To start with, you can't reallocate a statically allocated buffer! Nor
can you have a pointer of equal size to a buffer except by sizing the
buffer to be the same size as a pointer. Nor can you append to a
pointer.

Once we get those impossibilities out of the way, we can dispense with
the unnecessary fgets call - your input is already buffered, so why
buffer it again through fgets?

Here's the plan:

Allocate C (greater than 1) bytes of storage space DYNAMICALLY - point
at this allocation with P. Set U to 0. Have a temporary pointer T
kicking about the place.

While you can read a character successfully that isn't a newline:
If U == C - 1
You're about to run out of space, so get some more
T = realloc(P, C * 2)
If that didn't work, you might want to try lower multipliers
(1.5, 1.25 maybe) or even use add instead of multiply - and
warn the caller that you're running low on RAM.
Eventually, either you give up (in which case tell the user
you failed), or you succeed, in which case set P = T
Increase C to describe the new allocation amount accurately
Endif

If all is well
P[U++] = the character you read
Endif
Endwhile
If all is well
P[U] = '\0'
End if
P now contains the line.

For a discussion of long-line issues, an implementation of a full line
capture function, and links to other such implementations, see
http://www.cpax.org.uk/prg/writings/fgetdata.php

--
Richard Heathfield <http://www.cpax.org.uk>
Email: -www. +rjh@
Google users: <http://www.cpax.org.uk/prg/writings/googly.php>
"Usenet is a strange place" - dmr 29 July 1999
 
Reply With Quote
 
 
 
 
pete
Guest
Posts: n/a
 
      08-14-2007
Vlad Dogaru wrote:
>
> Hello,
>
> I suspect this comes up quite often, but I haven't found an exact
> solution in the FAQ. I have to read and parse a file with arbitrarily
> long lines and have come up with the following plan:
>
> 1. start with a statically allocated buffer and a pointer of equal size
> 2. read into the buffer using fgets and append to the pointer
> 3. if buffer does not contain '\n', reallocate buffer and jump to 2
> 4. return the pointer
>
> Do you see anything wrong with this?


Possibly with the phrase "statically allocated".
There's three kinds of duration:
1 automatic
2 static
3 allocated

Only allocated memory can be reallocated.
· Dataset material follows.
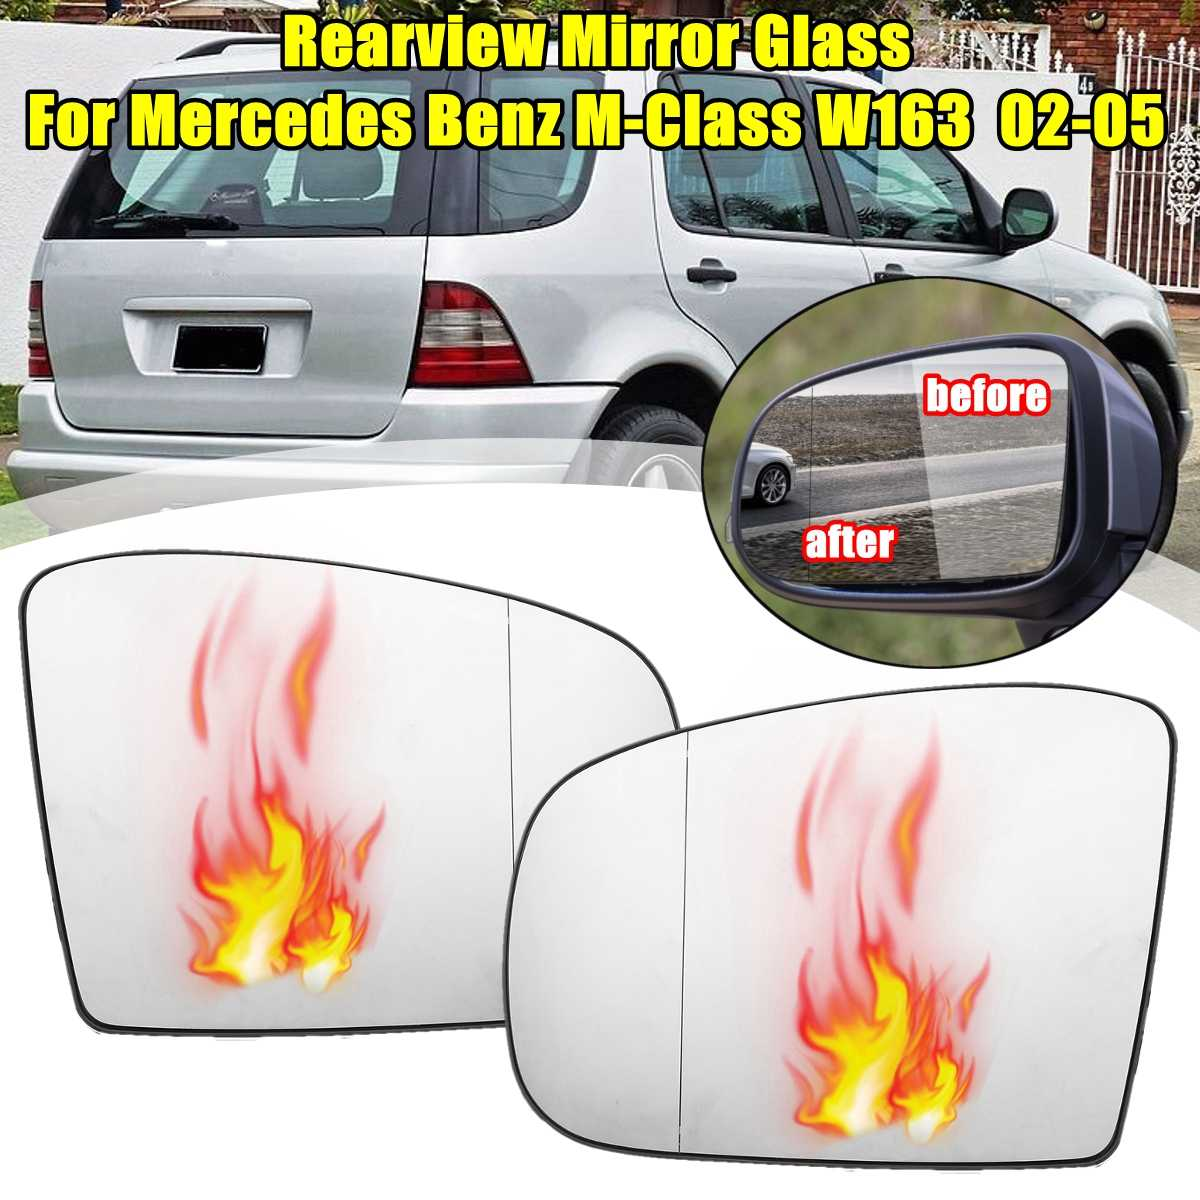 Esquerda/Direita Antifog Espelho Retrovisor Aquecido Vidro Do Espelho Do Lado do Porta Do Carro Para Mercedes Benz para M-Classe W163 2002 2003 2004 2005

> If so, how can I improve it?


A few of the regulars here
have written their own getline functions:
http://www.cpax.org.uk/prg/writings/...ta.php#related

--
pete
 
Reply With Quote
 
Vlad Dogaru
Guest
Posts: n/a
 
      08-14-2007
Richard Heathfield wrote:
> Vlad Dogaru said:
>
>> Hello,
>>
>> I suspect this comes up quite often, but I haven't found an exact
>> solution in the FAQ. I have to read and parse a file with arbitrarily
>> long lines and have come up with the following plan:
>>
>> 1. start with a statically allocated buffer and a pointer of equal
>> size 2. read into the buffer using fgets and append to the pointer
>> 3. if buffer does not contain '\n', reallocate buffer and jump to 2
>> 4. return the pointer
>>
>> Do you see anything wrong with this? If so, how can I improve it?

>
> To start with, you can't reallocate a statically allocated buffer! Nor
> can you have a pointer of equal size to a buffer except by sizing the
> buffer to be the same size as a pointer. Nor can you append to a
> pointer.
>
> Once we get those impossibilities out of the way, we can dispense with
> the unnecessary fgets call - your input is already buffered, so why
> buffer it again through fgets?



If anything, my lack of English skills has contributed to the
misunderstanding. I was talking about:
char b[100], *p;
Reading into b with fgets, then reallocating p as necessary to do a
strcat(p, b).

But your solution is much more elegant and now I see why fgets is
unnecessary.

>
> Here's the plan:
>
> Allocate C (greater than 1) bytes of storage space DYNAMICALLY - point
> at this allocation with P. Set U to 0. Have a temporary pointer T
> kicking about the place.
>
> While you can read a character successfully that isn't a newline:
> If U == C - 1
> You're about to run out of space, so get some more
> T = realloc(P, C * 2)
> If that didn't work, you might want to try lower multipliers
> (1.5, 1.25 maybe) or even use add instead of multiply - and
> warn the caller that you're running low on RAM.
> Eventually, either you give up (in which case tell the user
> you failed), or you succeed, in which case set P = T
> Increase C to describe the new allocation amount accurately
> Endif
>
> If all is well
> P[U++] = the character you read
> Endif
> Endwhile
> If all is well
> P[U] = '\0'
> End if
> P now contains the line.
>
> For a discussion of long-line issues, an implementation of a full line
> capture function, and links to other such implementations, see
> http://www.cpax.org.uk/prg/writings/fgetdata.php


Thank you for the clarification and the link. I will look into it and I
am confident that I can write a similar function.

Vlad
--
Number one reason to date an engineer:
The world does revolve around us; we pick the coordinate system.
 
Reply With Quote
 
David Mathog
Guest
Posts: n/a
 
      08-14-2007
Vlad Dogaru wrote:
> Hello,
>
> I suspect this comes up quite often, but I haven't found an exact
> solution in the FAQ. I have to read and parse a file with arbitrarily
> long lines and have come up with the following plan:
>
> 1. start with a statically allocated buffer and a pointer of equal size
> 2. read into the buffer using fgets and append to the pointer
> 3. if buffer does not contain '\n', reallocate buffer and jump to 2
> 4. return the pointer
>
> Do you see anything wrong with this? If so, how can I improve it?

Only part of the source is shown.